Data extract:
· · · · ·
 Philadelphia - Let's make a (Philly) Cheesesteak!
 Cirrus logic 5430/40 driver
· · · · ·
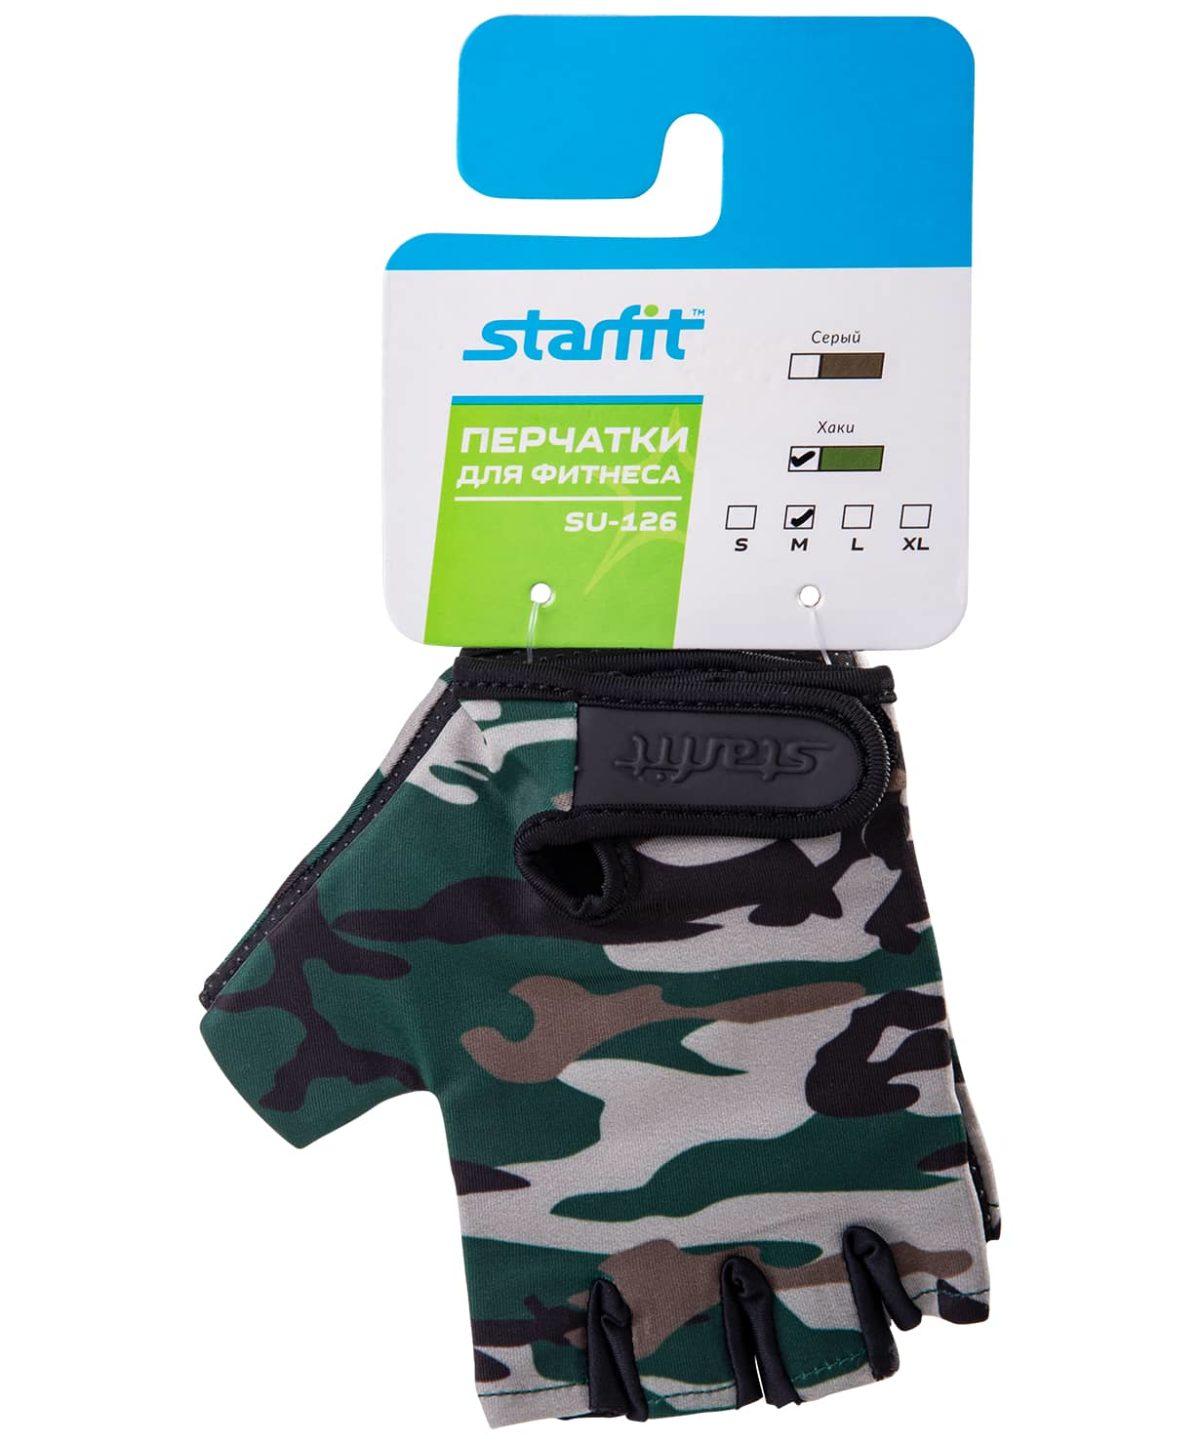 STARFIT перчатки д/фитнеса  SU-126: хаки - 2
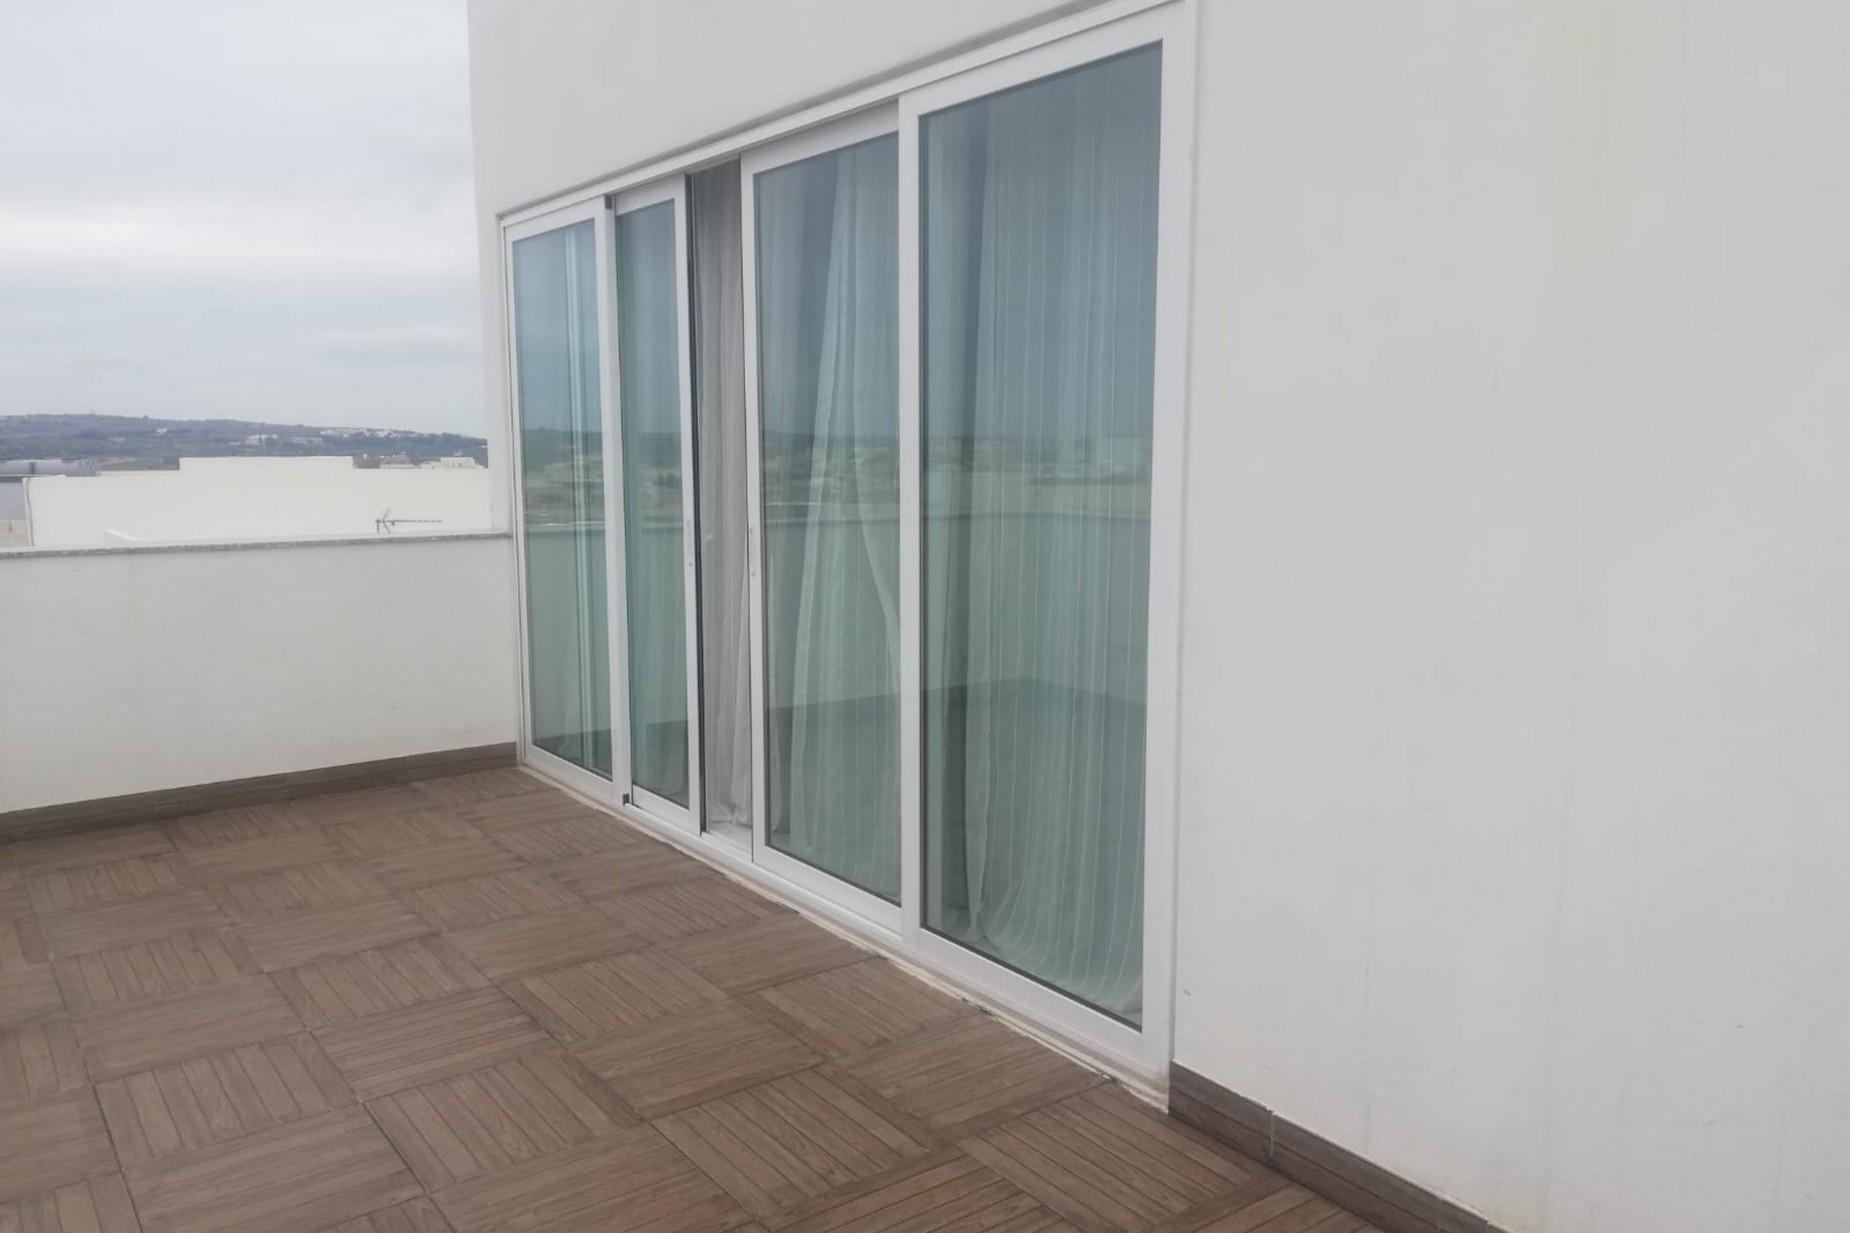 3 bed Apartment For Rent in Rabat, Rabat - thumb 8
· · · · ·
Your task: From the data above, output only the lines between the line containing "Philadelphia - Let's" and the line containing "Cirrus logic 5430/40 driver", inclusive, exactly as written.

Written answer:
 Philadelphia - Let's make a (Philly) Cheesesteak!
 Cirrus logic 5430/40 driver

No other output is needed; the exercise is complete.